Fitch lowered its grades for the two banks, Vietcombank (VCB) and Asia Commercial Bank (ACB), from D to D/E, a level suggesting that they have serious problems that may require outside assistance.


Talking with VnExpress, Vietcombank DGD Pham Quang Dung called Fitch’s understanding of the Vietnamese banking system deficient.  “Fitch’s credit rating is not exact and it does not fit the real practice in Vietnam,” Dung stated. “Before Fitch officially announced its rating, we tried to contact them to explain, but they did not understand.”


Dung said VCB had anticipated the credit rating downgrade given by Fitch when the credit rating agency lowered the rating for Vietnam and put VCB onto its “Rating Watch Negative” list.


Fitch said the downgrade reflected Vietcombank’s substantially weakened balance sheet, a result of ‘excessively strong loan growth and fragile underlying loan quality.’  It called VCB’s capital adequacy ratio (CAR) ‘below the safety line.’


Fitch expressed its concern over VCB’s ‘overly high credit growth rate’, which reached 26 percent in 2009. Though it slowed in the first half of 2010, the state-owned bank’s five year growth rate (2006-2010) of 118 percent is considered overly high in comparison with international standards.


Fitch warned that VCB’s credit growth may increase further in the second half of the year, noting the Government’s credit growth target for 2010 of 25 percent.

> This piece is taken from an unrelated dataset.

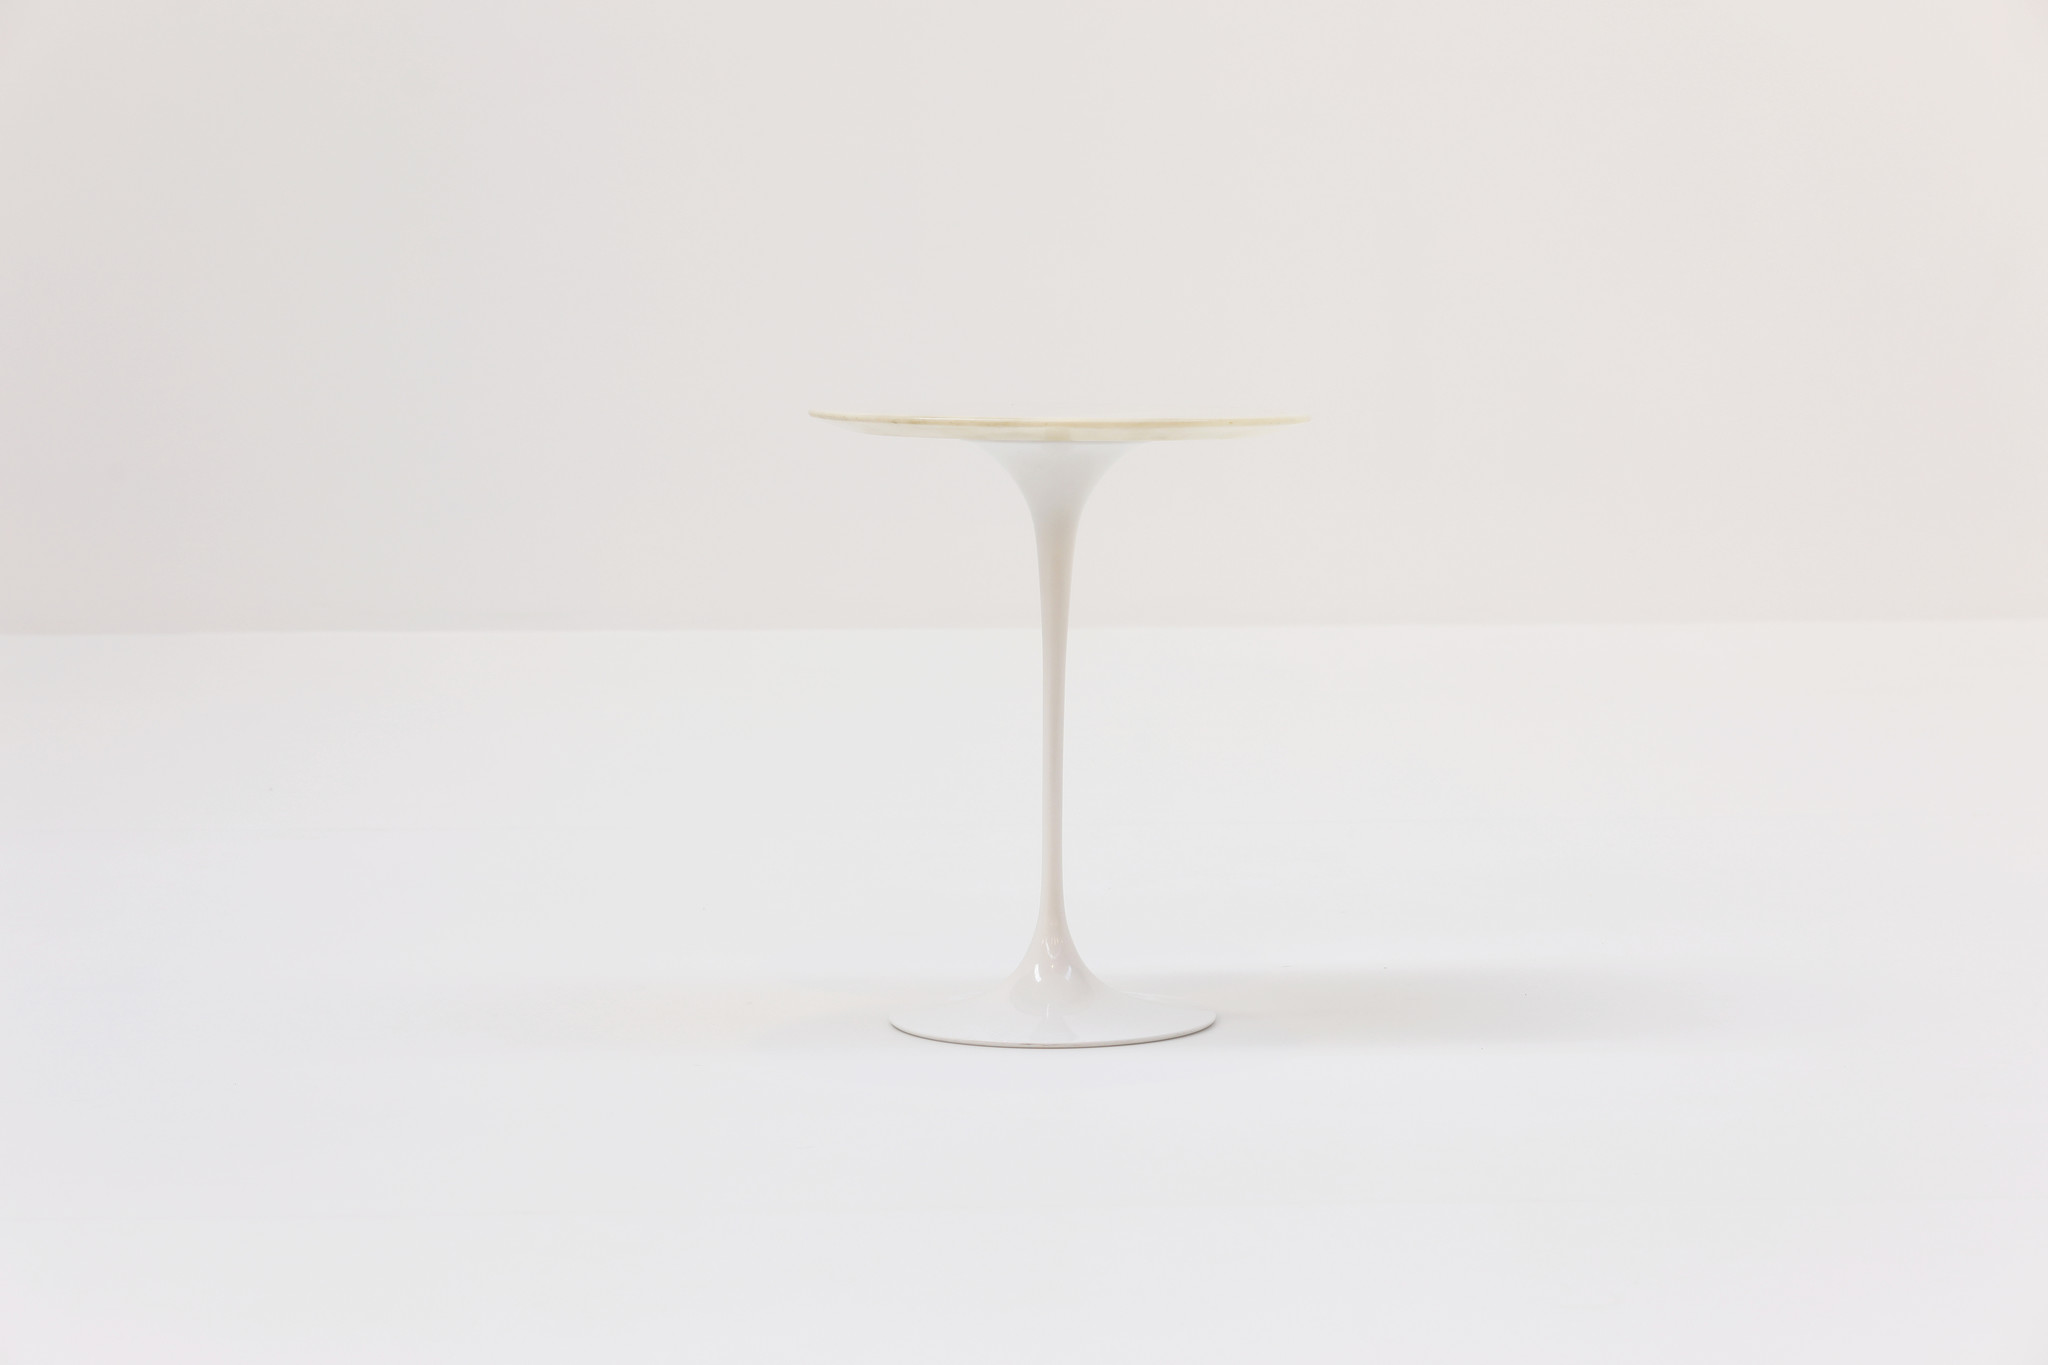 KNOLL SIDE TABLE DESIGNED BY EERO SAARINEN, 1950'S

The ratings agency was also skeptical that Vietcombank would meet the State Bank’s capital adequacy target of nine percent anytime soon. Though Vietcombank has increased its capital by 1120 billion dong, Fitch still believes that this is not enough to increase its CAR.  


Fitch further criticized VCB for delays in its plan to issue financial reports according to international standards.  It predicted that the bank’s credit quality would deteriorate futher when there is information about its loans extended to Vinashin, the financially-troubled shipbuilding group.

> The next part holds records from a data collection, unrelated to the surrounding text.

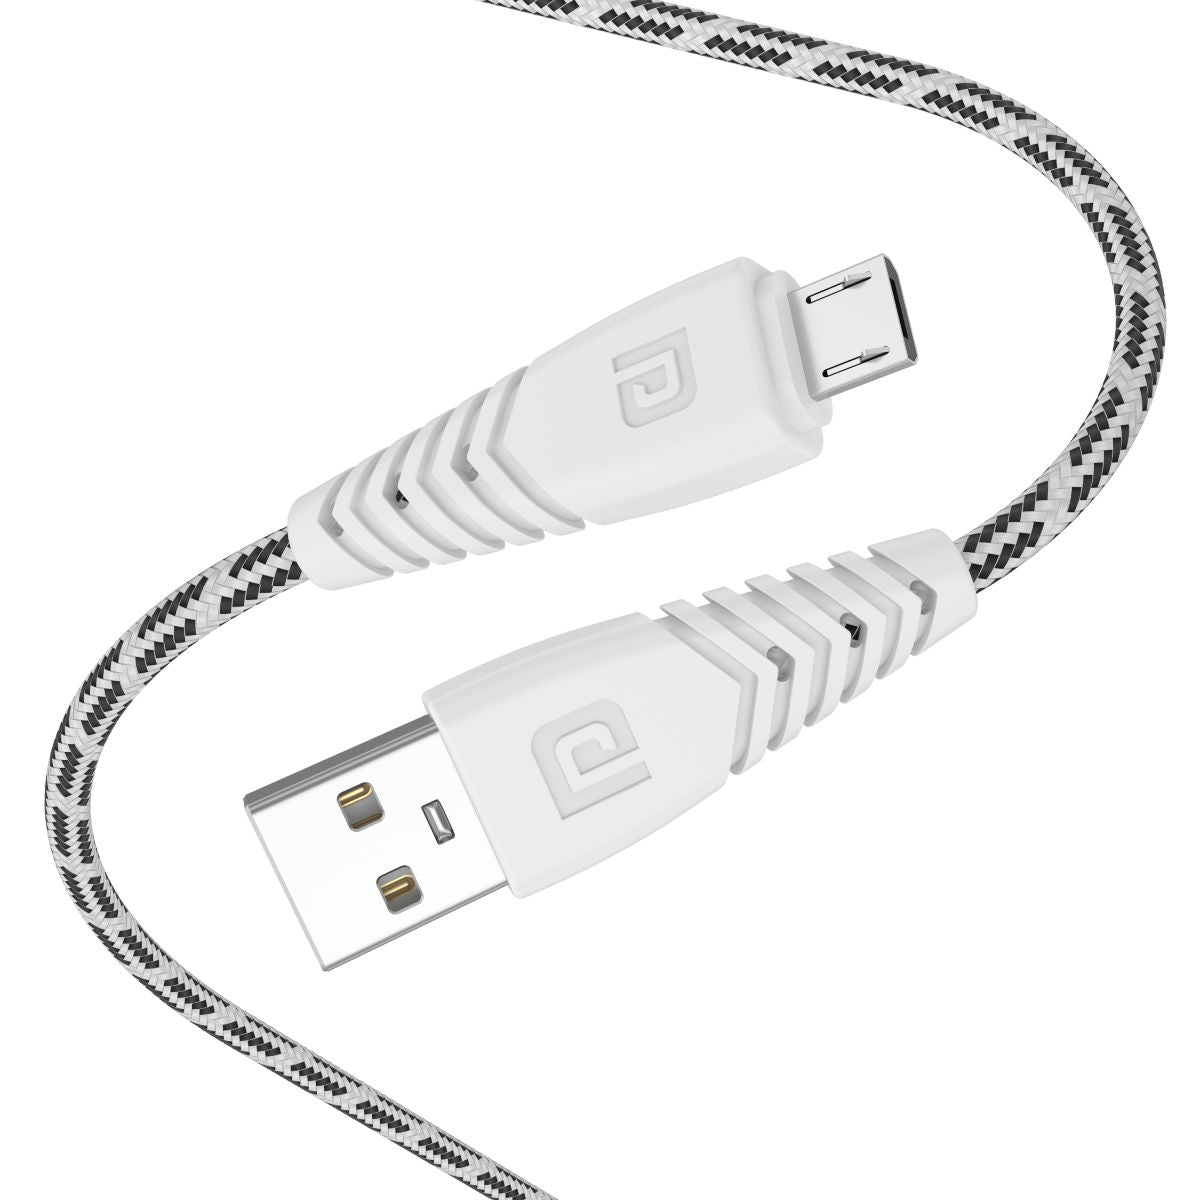 PORTRONICS-Konnect Spydr Micro USB Cable
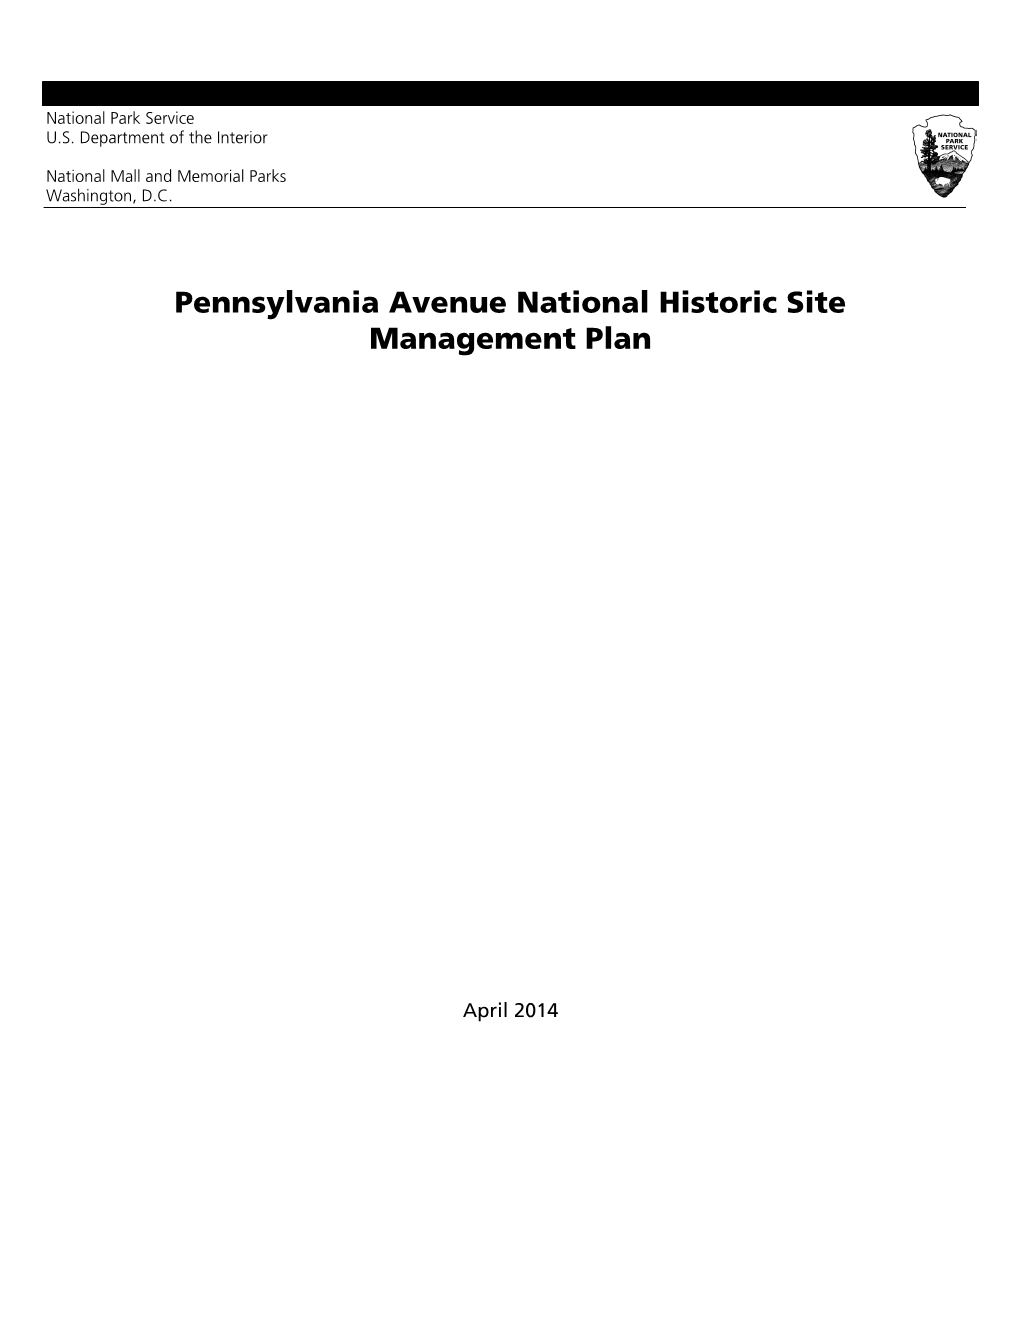 Pennsylvania Avenue National Historic Site Management Plan
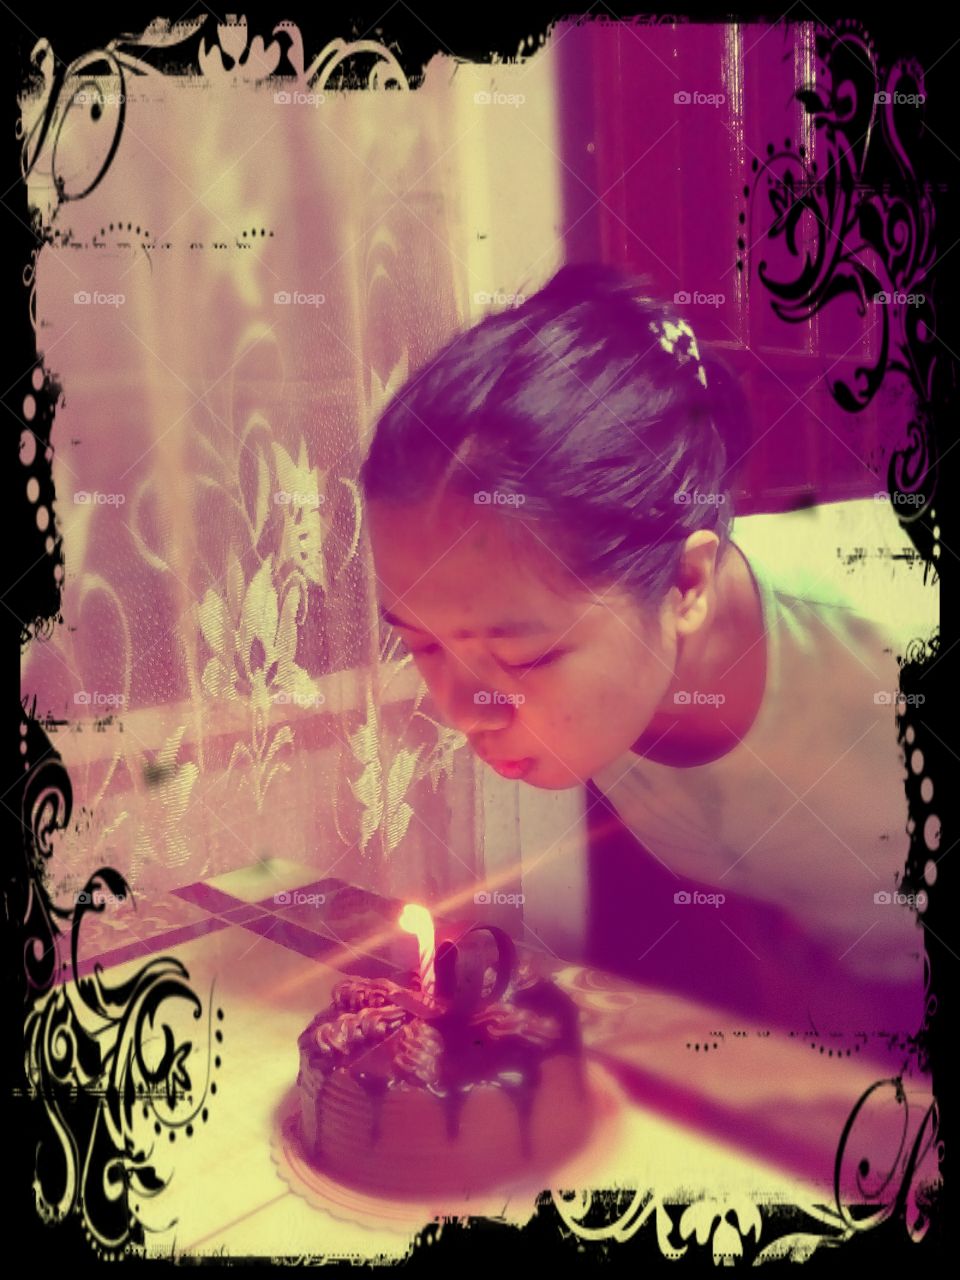 On my birthday :-)

Dung, the VCB officer, says Fitch’s arguments are flawed.  International financial reporting standards are not compulsory for Vietnamese banks.  Vietcombank and BIDV have been pioneering such a report, but that work is still underway inside the bank.  It will be issued soon.

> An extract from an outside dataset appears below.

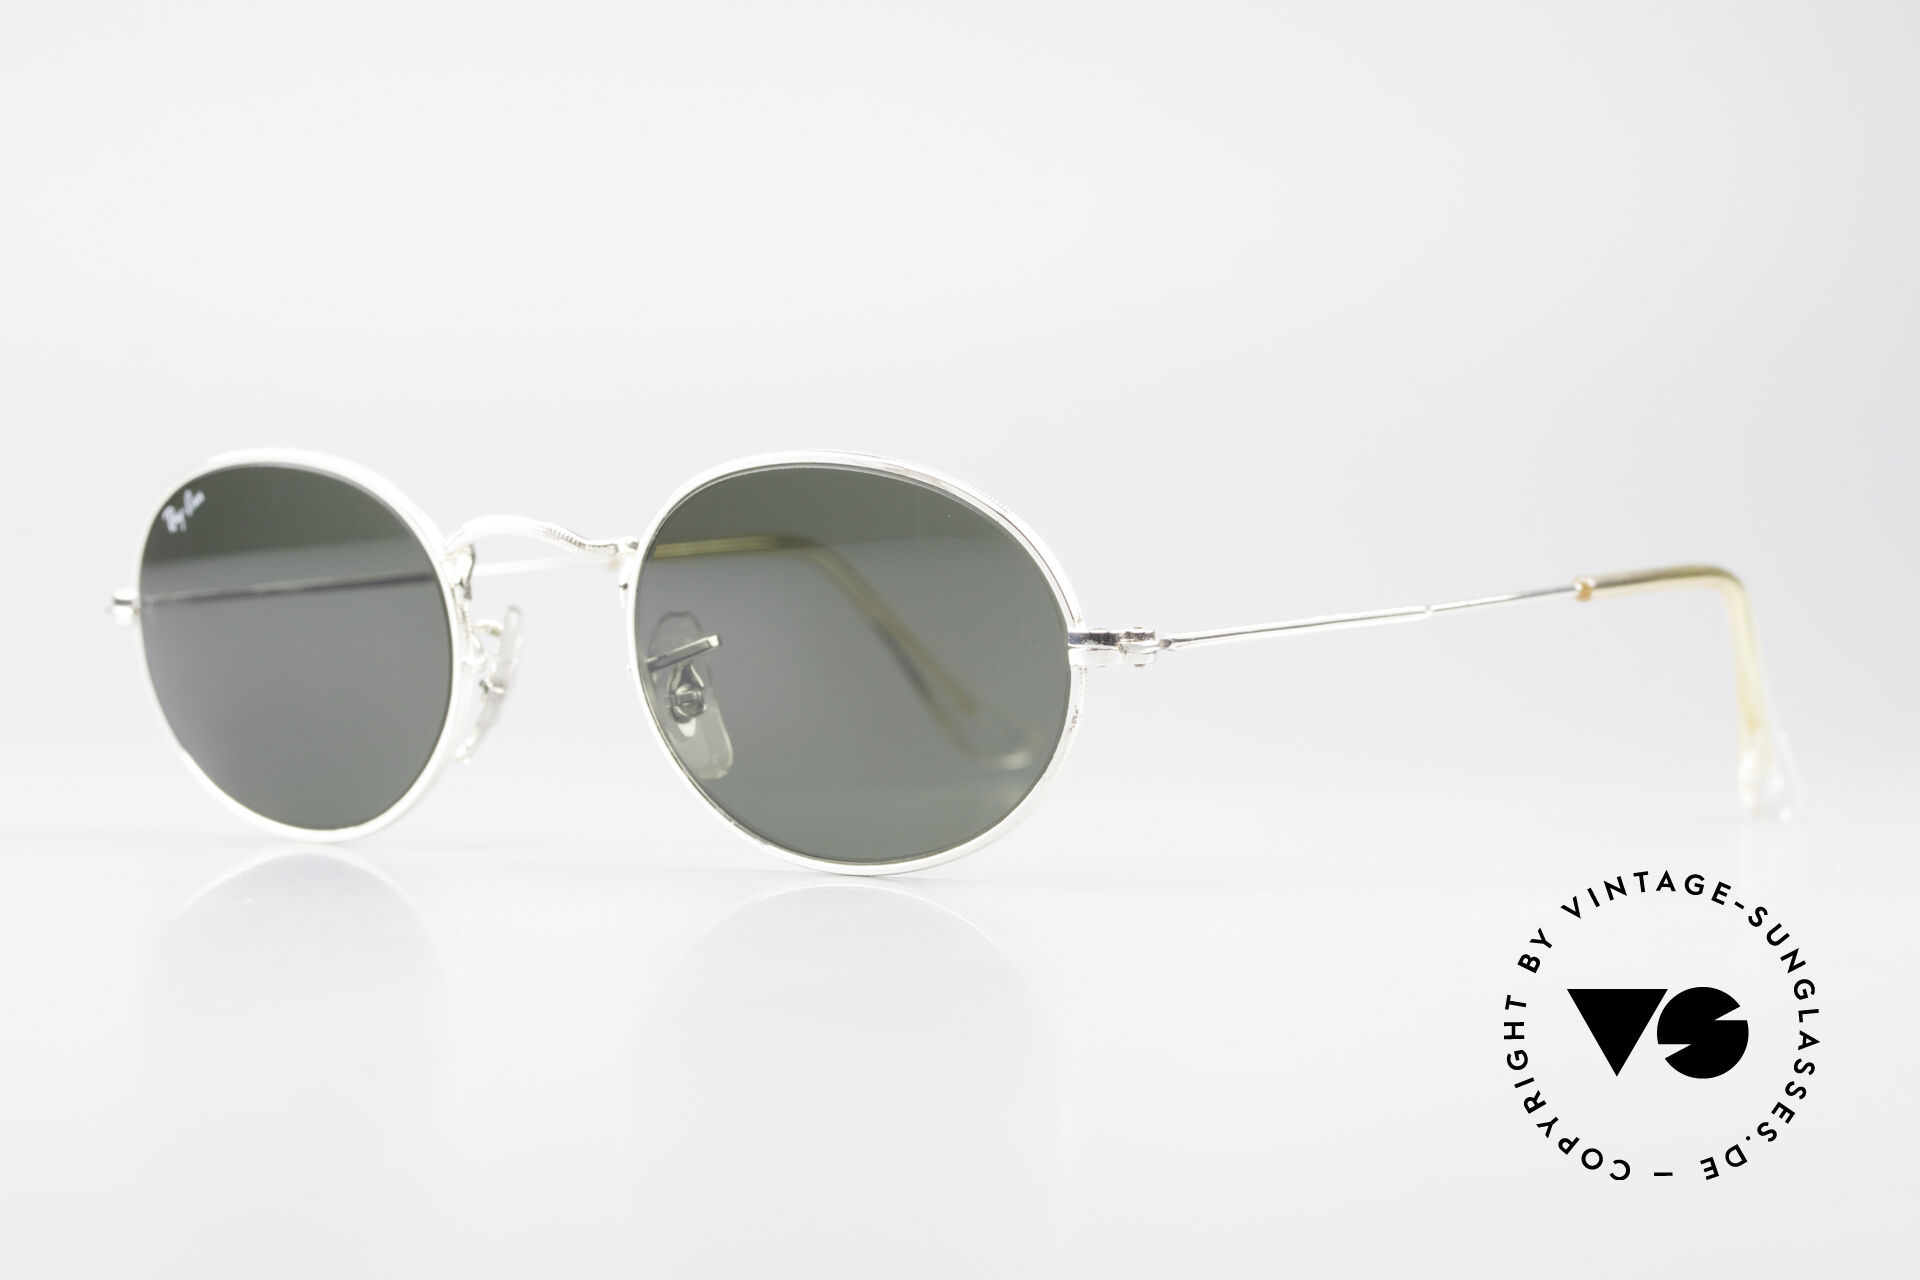 Sunglasses Ray Ban Classic Style I Old Oval B&L USA Sunglasses

Dung confirmed that VCB’s CAR was only 8.45 percent at midyear, but added that procedures to increase capital always take time.  Though Vietcombank has become a joint stock bank, the State still holds a 91 percent stake.  Therefore, administration is cumbersome; unlike other joint stock banks, Vietcombank not only has to seek permission from the board of directors, but also from the Ministry of Finance, State Bank of Vietnam and the Government.


Moreover, Vietcombank plans to increase its capital by 33 percent, at which point its CAR will be 10.5 percent. “We tried to explain this to Fitch, but they did not accept this,” Dung said.


Dung explained VCB’s high credit growth rate of 26 percent in 2009 was the result of the Government’s demand stimulus programme.  The bank’s credit growth was not high, he said, if compared to the overall figure for the banking system, 40 percent.


Dung said the downgrade in credit rating “unreasonable” and “bad news” for  Vietcombank.  He expressed confidence that its foreign correspondent banks  will not change their view of VCB, because they are all present at Vietnam and they understand the situation better than Fitch.


At Asia Commercial Bank, meanwhile, an officer said the downgrade in its credit rating was no surprise, because prior to that, Fitch lowered Vietnam’s rating for medium and long term credit from BB- to B+.  In principle, the credit rating of a firm must not be higher than the sovereign credit rating.


ACB also pointed out that there are many problems in Fitch’s rating.  ACB too said Fitch did not ask for official information from ACB, therefore, it could not clearly see Vietnam’s banking system in general, and ACB in particular.


Vietnam’s credit growth rate has been relatively high in the last five years, at 34 percent per annum, while ACB’s growth rate was even higher, 55 percent per annum.  Vietnam is a developing country with rapid growth rate of 7-8 percent per annum, and economic growth depends on banks’ loans. Therefore, argues ACB, it is quite normal to see high credit growth rates.